Epacadostat Plus Pembrolizumab in Patients With Advanced Solid Tumors: Phase I Results From a Multicenter, Open-Label Phase I/II Trial (ECHO-202/KEYNOTE-037).

Journal of clinical oncology : official journal of the American Society of Clinical Oncology

Tara C Mitchell, Omid Hamid, David C Smith, Todd M Bauer, Jeffrey S Wasser, Anthony J Olszanski, Jason J Luke, Ani S Balmanoukian, Emmett V Schmidt, Yufan Zhao, Xiaohua Gong, Janet Maleski, Lance Leopold, Thomas F Gajewski

Affiliations

  1. Tara C. Mitchell, University of Pennsylvania; Anthony J. Olszanski, Fox Chase Cancer Center, Philadelphia, PA; Omid Hamid and Ani S. Balmanoukian, The Angeles Clinic and Research Institute, Los Angeles, CA; David C. Smith, University of Michigan, Ann Arbor, MI; Todd M. Bauer, Tennessee Oncology, Nashville, TN; Jeffrey S. Wasser, University of Connecticut School of Medicine, Farmington, CT; Jason J. Luke and Thomas F. Gajewski, University of Chicago Medicine, Chicago, IL; Emmett V. Schmidt, Merck & Co, Kenilworth, NJ; and Yufan Zhao, Xiaohua Gong, Janet Maleski, and Lance Leopold, Incyte Corporation, Wilmington, DE.

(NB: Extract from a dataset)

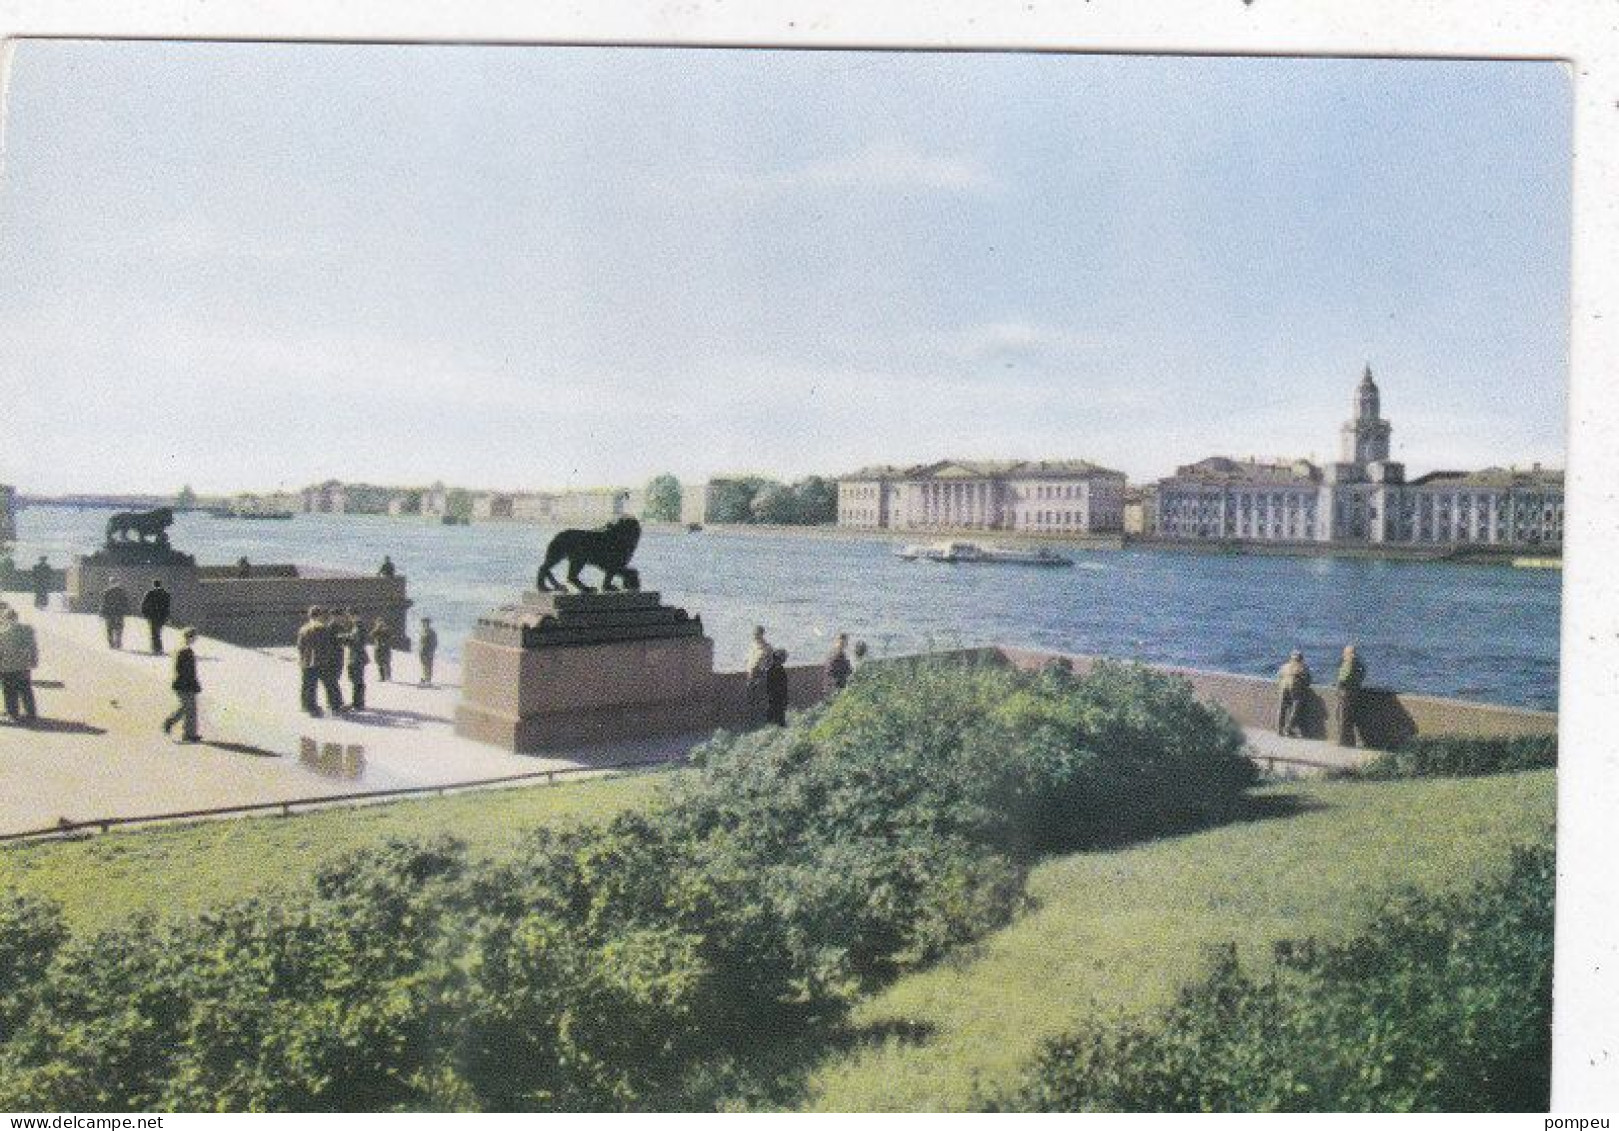 QT - Lot 20 cartes  - Russia - LENINGRADO (São Petersburgo) - neuf

PMID: 30265610 PMCID: PMC6225502 DOI: 10.1200/JCO.2018.78.9602

Abstract

PURPOSE: Tumors may evade immunosurveillance through upregulation of the indoleamine 2,3-dioxygenase 1 (IDO1) enzyme. Epacadostat is a potent and highly selective IDO1 enzyme inhibitor. The open-label phase I/II ECHO-202/KEYNOTE-037 trial evaluated epacadostat plus pembrolizumab, a programmed death protein 1 inhibitor, in patients with advanced solid tumors. Phase I results on maximum tolerated dose, safety, tolerability, preliminary antitumor activity, and pharmacokinetics are reported.

PATIENTS AND METHODS: Patients received escalating doses of oral epacadostat (25, 50, 100, or 300 mg) twice per day plus intravenous pembrolizumab 2 mg/kg or 200 mg every 3 weeks. During the safety expansion, patients received epacadostat (50, 100, or 300 mg) twice per day plus pembrolizumab 200 mg every 3 weeks.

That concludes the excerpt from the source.